*Work request:* All lines from the one containing "Himalaya range viewed" through the last line of the listing should be given again exactly, with no pictures.

*Collected data:*
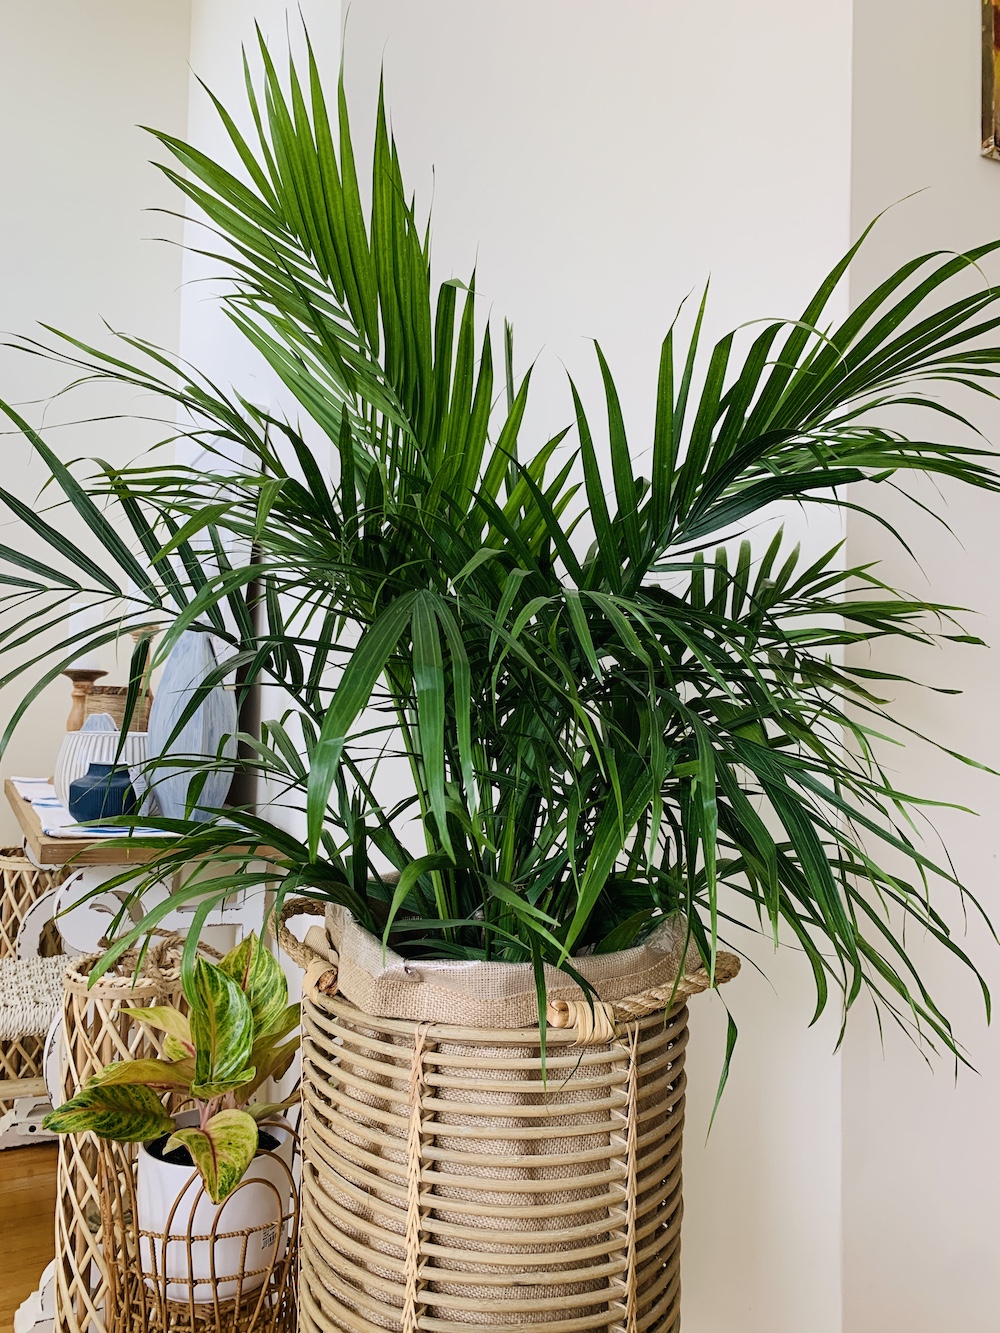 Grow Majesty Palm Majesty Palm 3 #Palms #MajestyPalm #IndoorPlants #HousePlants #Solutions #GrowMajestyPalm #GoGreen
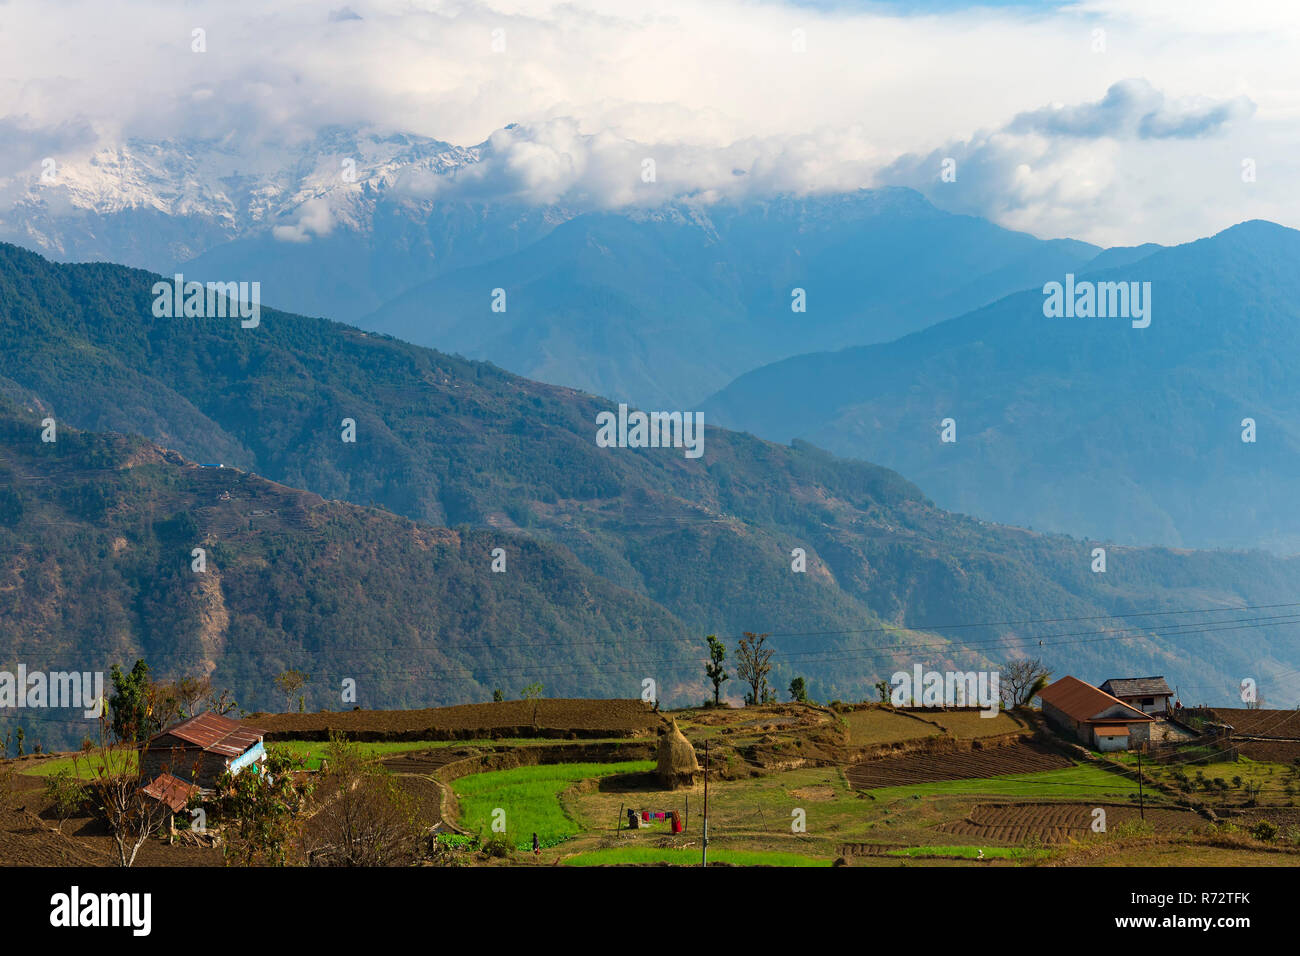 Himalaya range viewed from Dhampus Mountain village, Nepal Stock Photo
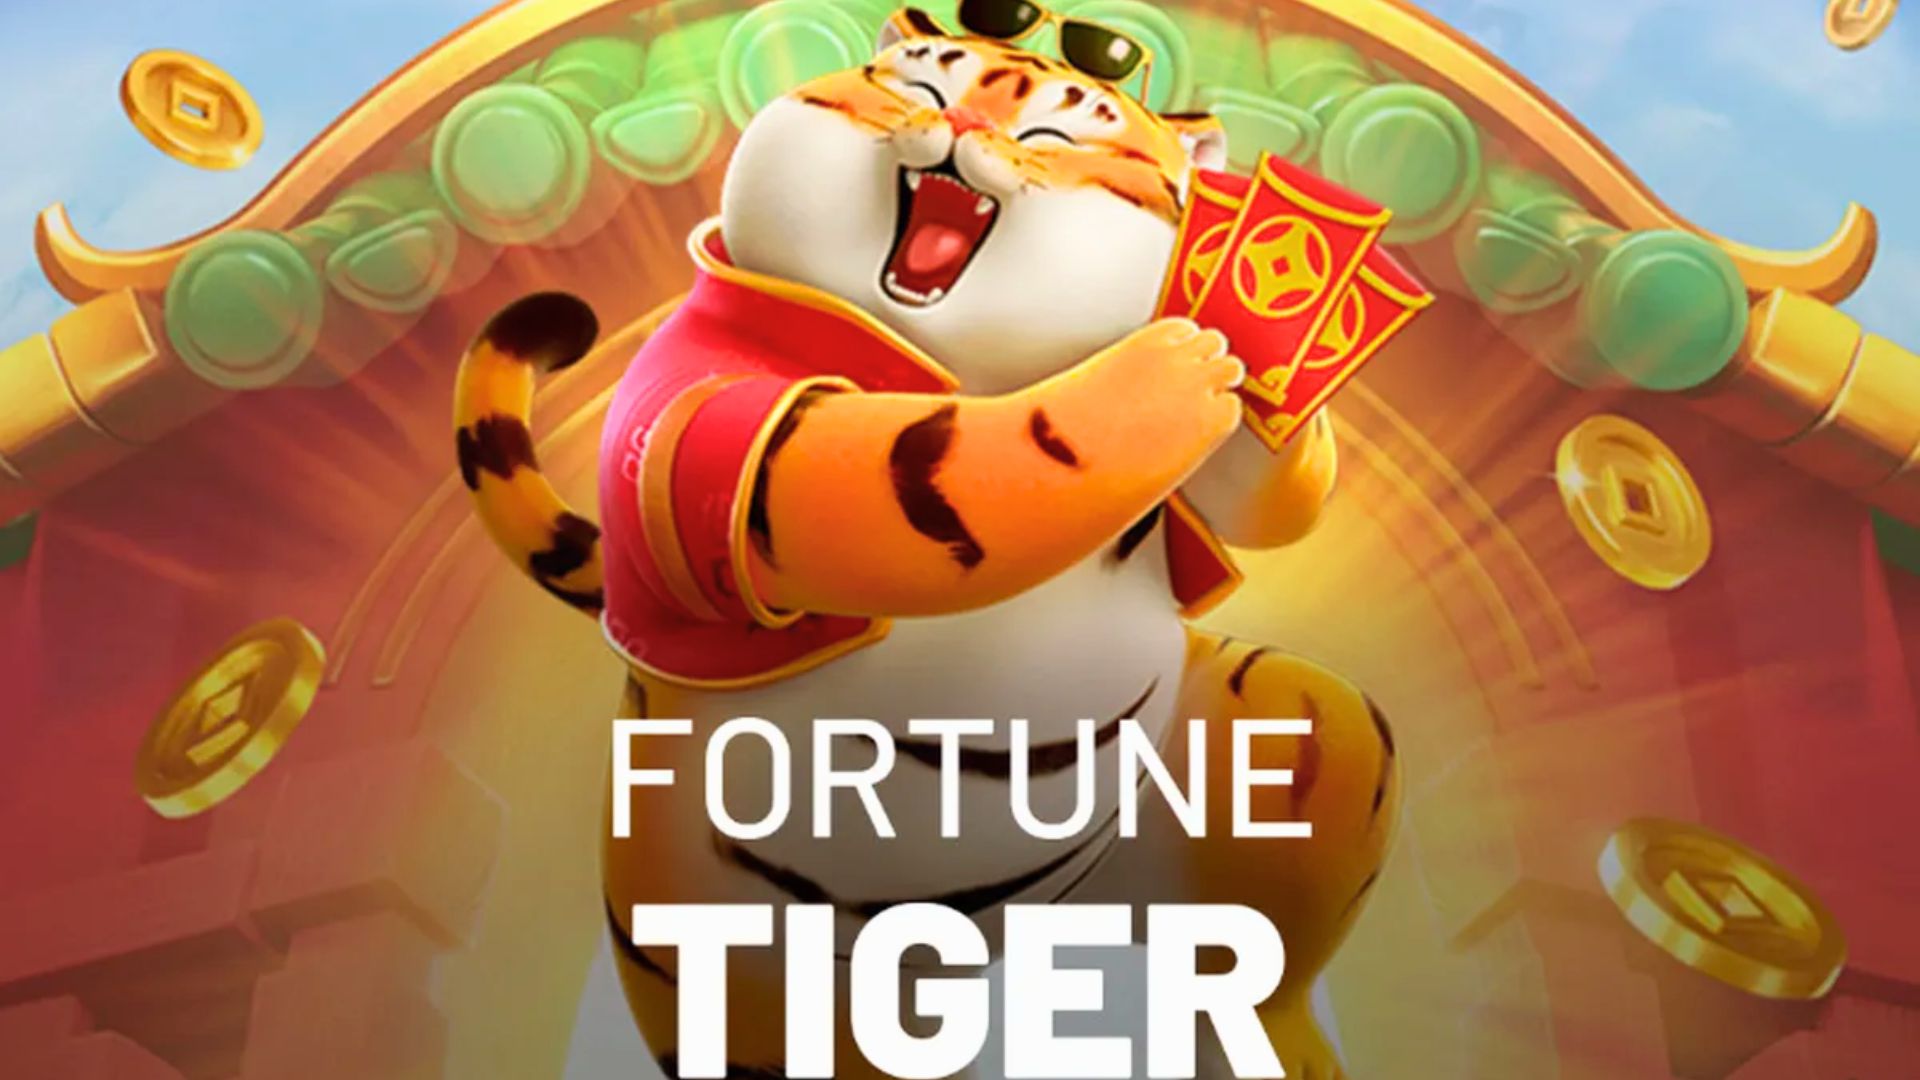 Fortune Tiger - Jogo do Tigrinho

*Completed task:*
 Himalaya range viewed from Dhampus Mountain village, Nepal Stock Photo
 Fortune Tiger - Jogo do Tigrinho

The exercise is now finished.